**Directions for this task**
Take the line with "Sơn Màu: Tổ" and every line after it, through the end of the listing, and give them again exactly, pictures excluded.

**Data block**

********************

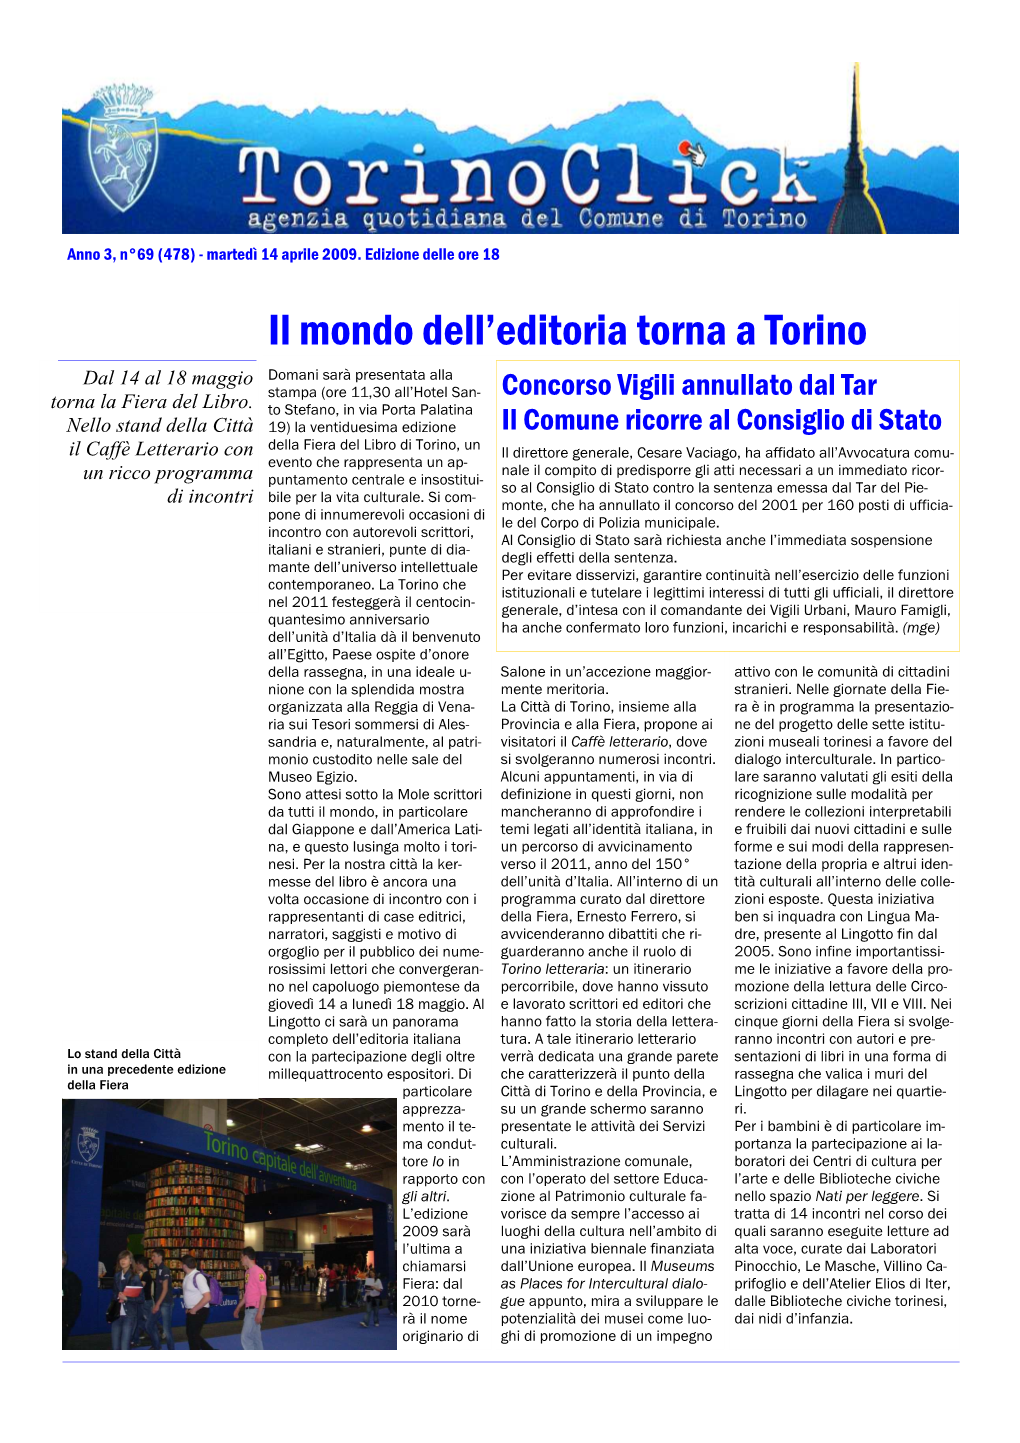 Il Mondo Dell'editoria Torna a Torino
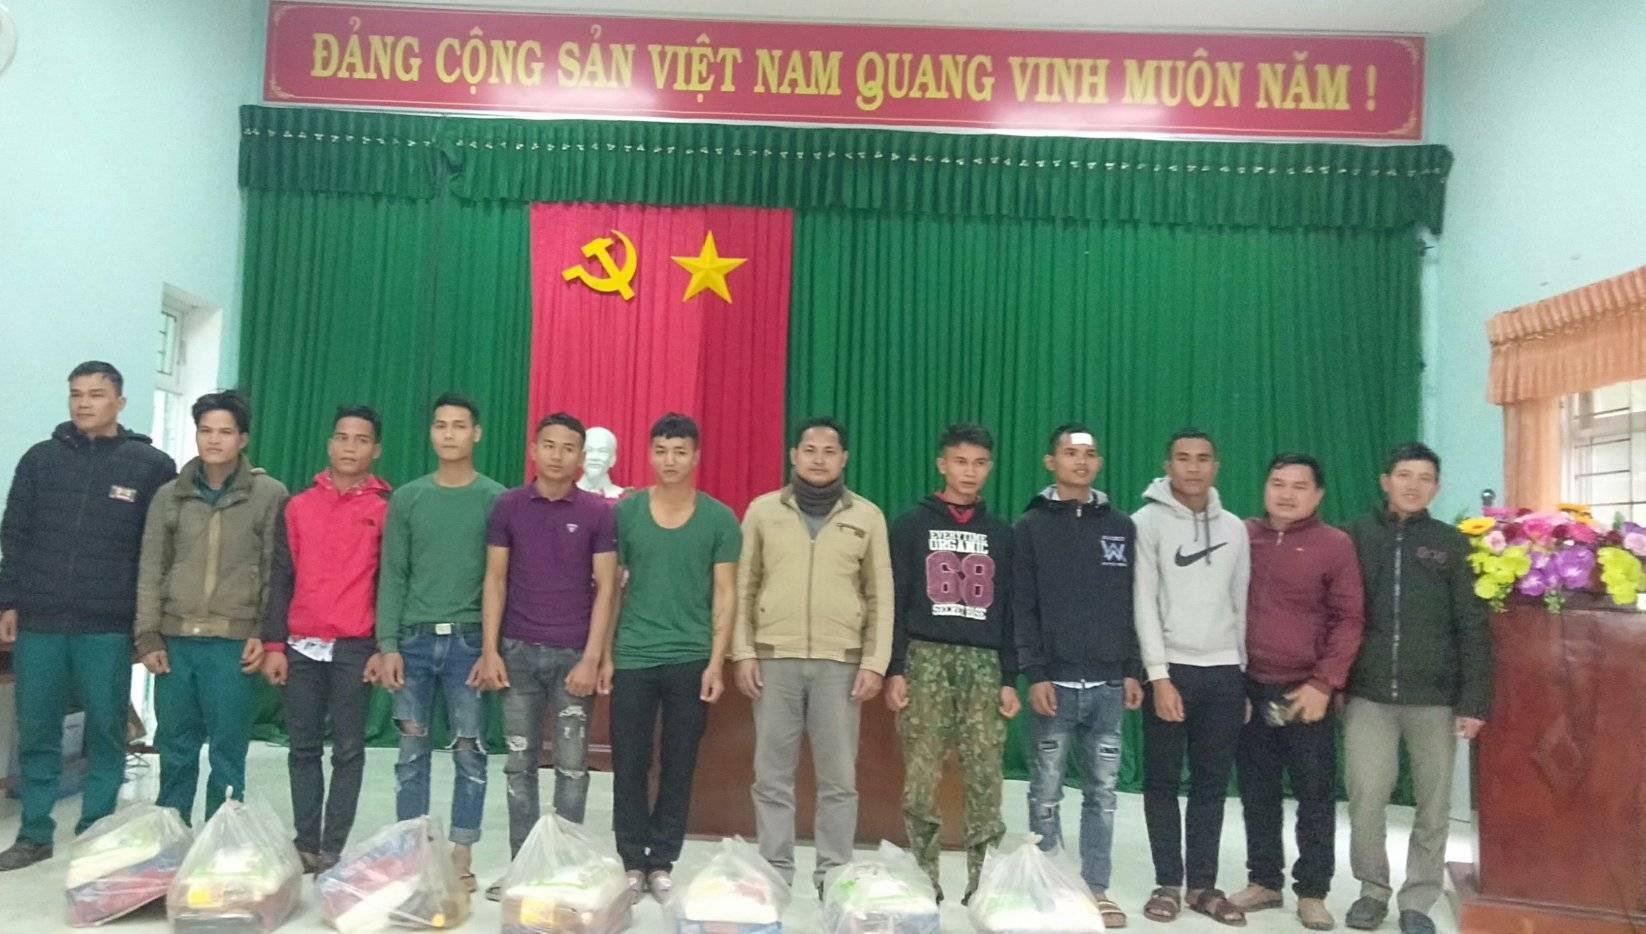 Sơn Màu: Tổ chức gặp mặt thanh niên xuất ngũ trở về địa phương
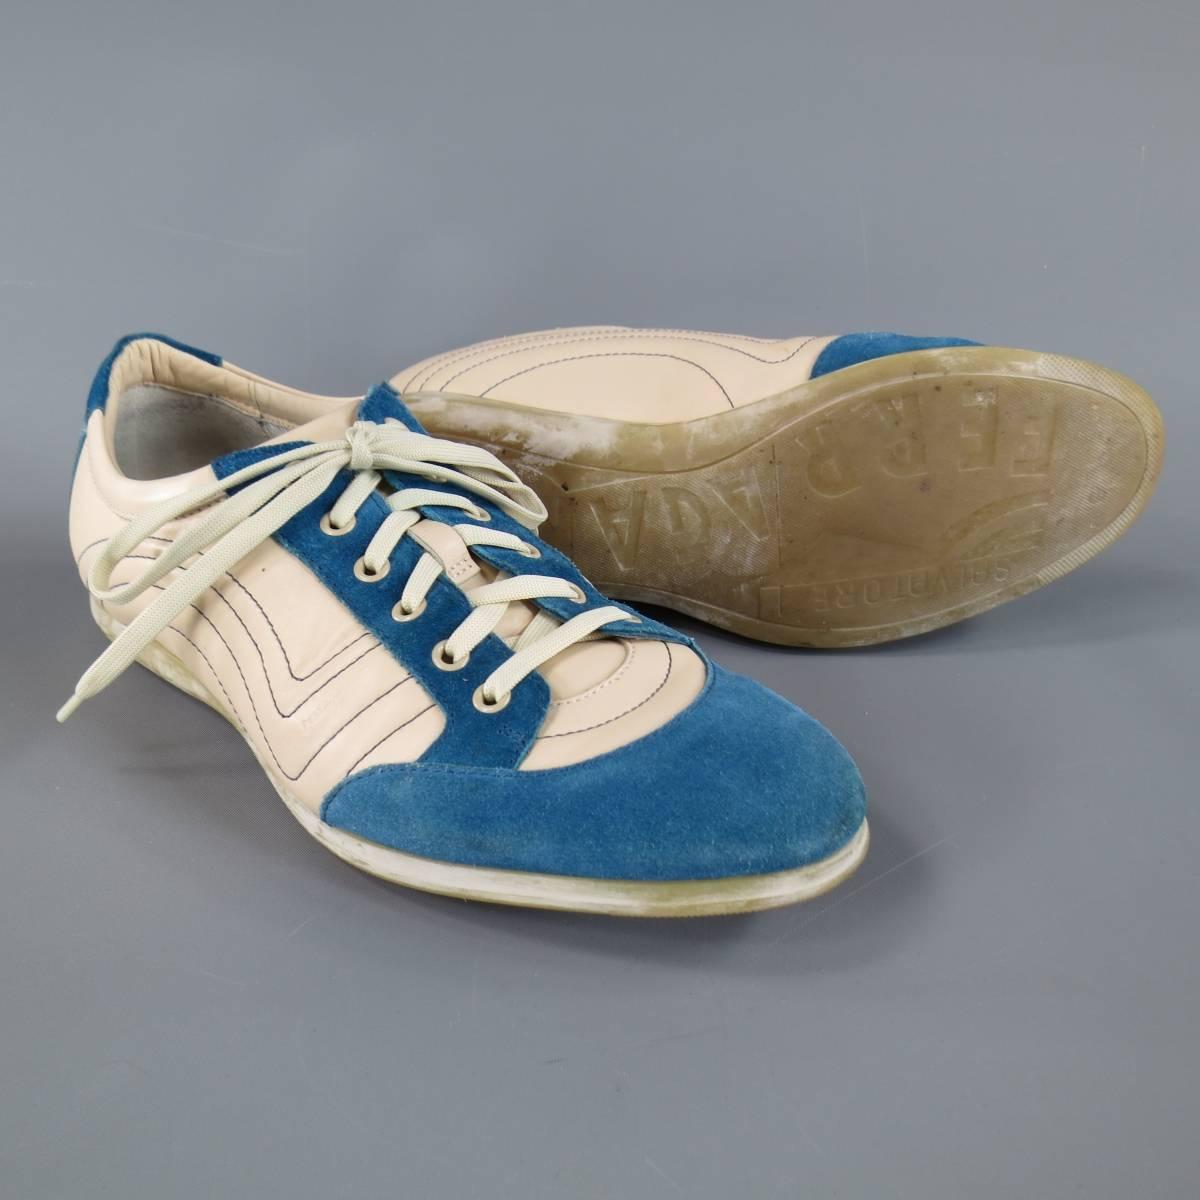 White Men's SALVATORE FERRAGAMO Size 8 Cream Leather & Blue Suede Sneakers

********************

**Answer below**
 Sơn Màu: Tổ chức gặp mặt thanh niên xuất ngũ trở về địa phương
 White Men's SALVATORE FERRAGAMO Size 8 Cream Leather & Blue Suede Sneakers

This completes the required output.